Warren still hadn’t actually looked at A.B. And A.B. only just barely at Warren.
A.B. sat down. “So, are you feeling any better?”
Warren shrugged. “I’m so heavily medicated I don’t feel anything.”
A.B. shook his head. “Jeez, Warren. I can’t even imagine what that would be like. I’m sorry.”
Warren didn’t say anything. A.B. shifted in his chair.
“So, I know you like rabbits and baseball, Warren. Is there anything else you like? I, myself, am kinda into music. Especially the blues. But I like other music, too. Country, and rock. Even some jazz. You like music?”
Warren shrugged again and nodded just slightly. “I like music.”
He paused.
“As far as rabbits are concerned, it’s not so much that I like them. At least not in the way that you’re probably thinking of it. It’s more that I understand them. I believe in them.
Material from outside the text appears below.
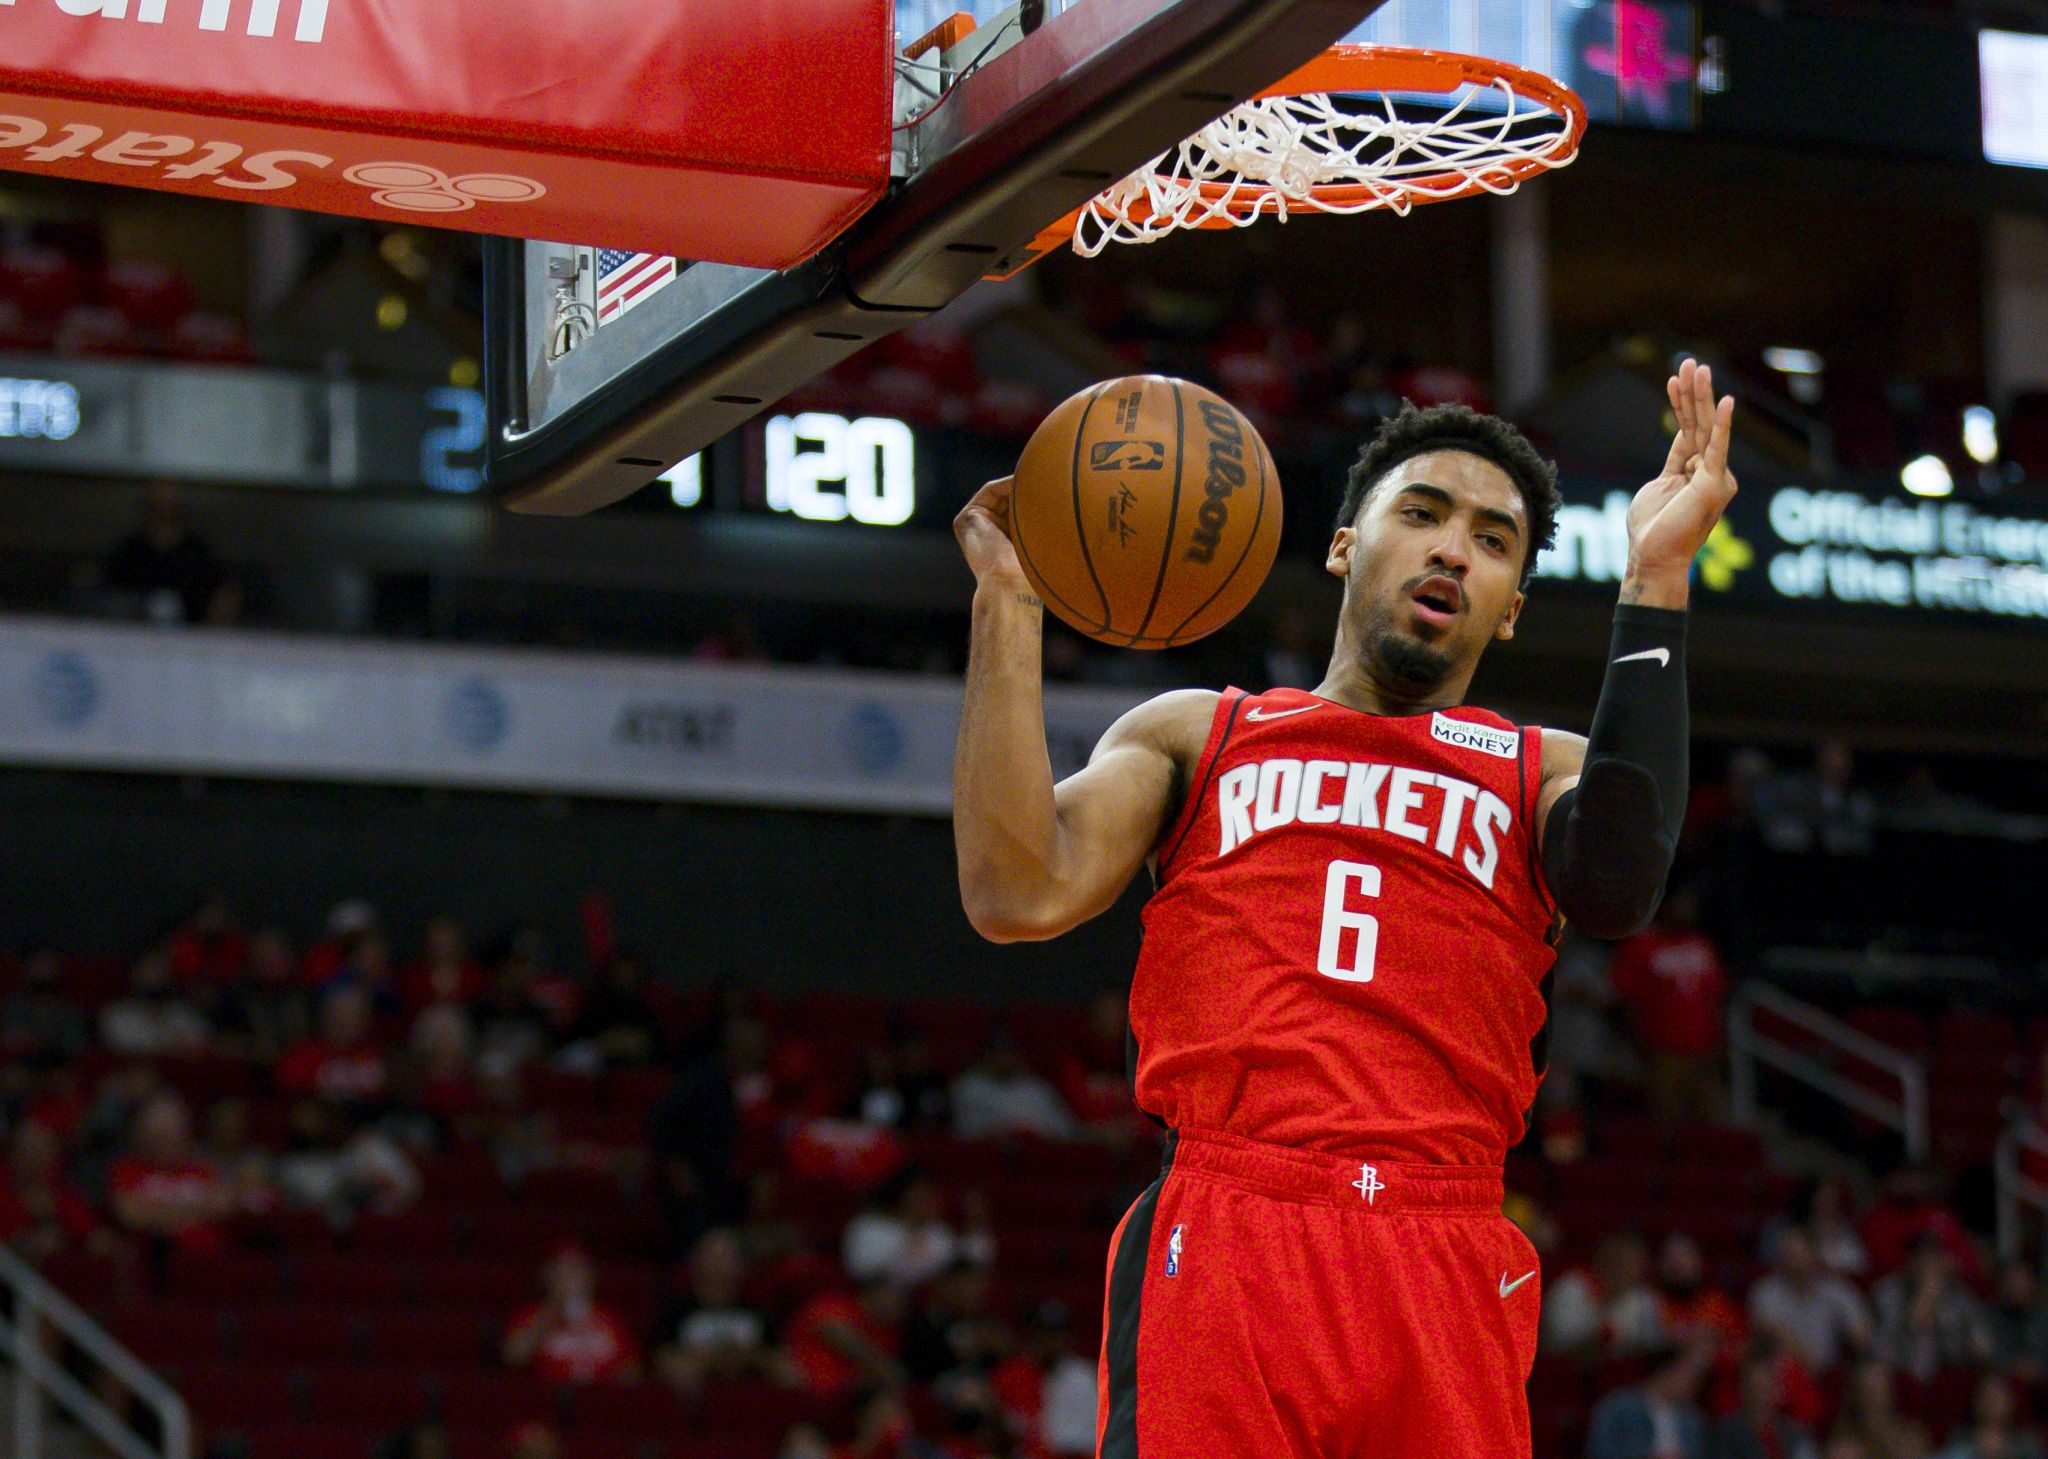 Garrison Mathews happy to be back in Rockets' lineup after protocols

Their role in God’s plan is clear to me in ways that other people don’t see. I know that my whole deal with rabbits is why people think I’m mentally ill. And if not being like normal people is the definition of mentally ill then I probably am. The doctors say that mental illness is a result of chemical imbalances in the brain. I know that my brain chemicals are messed up. That’s clear to everybody. Including me. But have you ever thought that maybe if your brain has a little bit more of one chemical and a little less of another, it doesn’t necessarily make you mentally ill, but maybe it makes you able to see things, perceive things, that normal people can’t. Maybe some brain chemicals are like a blindfold that prevent us from seeing things in the world that are really there. And if those chemicals shift or are changed somehow, you see the world around you as it really is. I wonder about that. I think that’s what makes prophets, like in the Bible, able to foretell the future. They see things. They see the hand of God at work in the world. I think that’s maybe why I understand the importance of the rabbit world. Richard Adams understood it. He’s a prophet. Watership Down is a book of prophecy. I understand that rabbits are like God’s chosen people. Only they’re not people. Obviously. But they are God’s creatures. And he has chosen for them a special place in his kingdom. But I’d never own a pet rabbit. I don’t like them in that way. Not like pet dogs or cats or gerbils or anything.”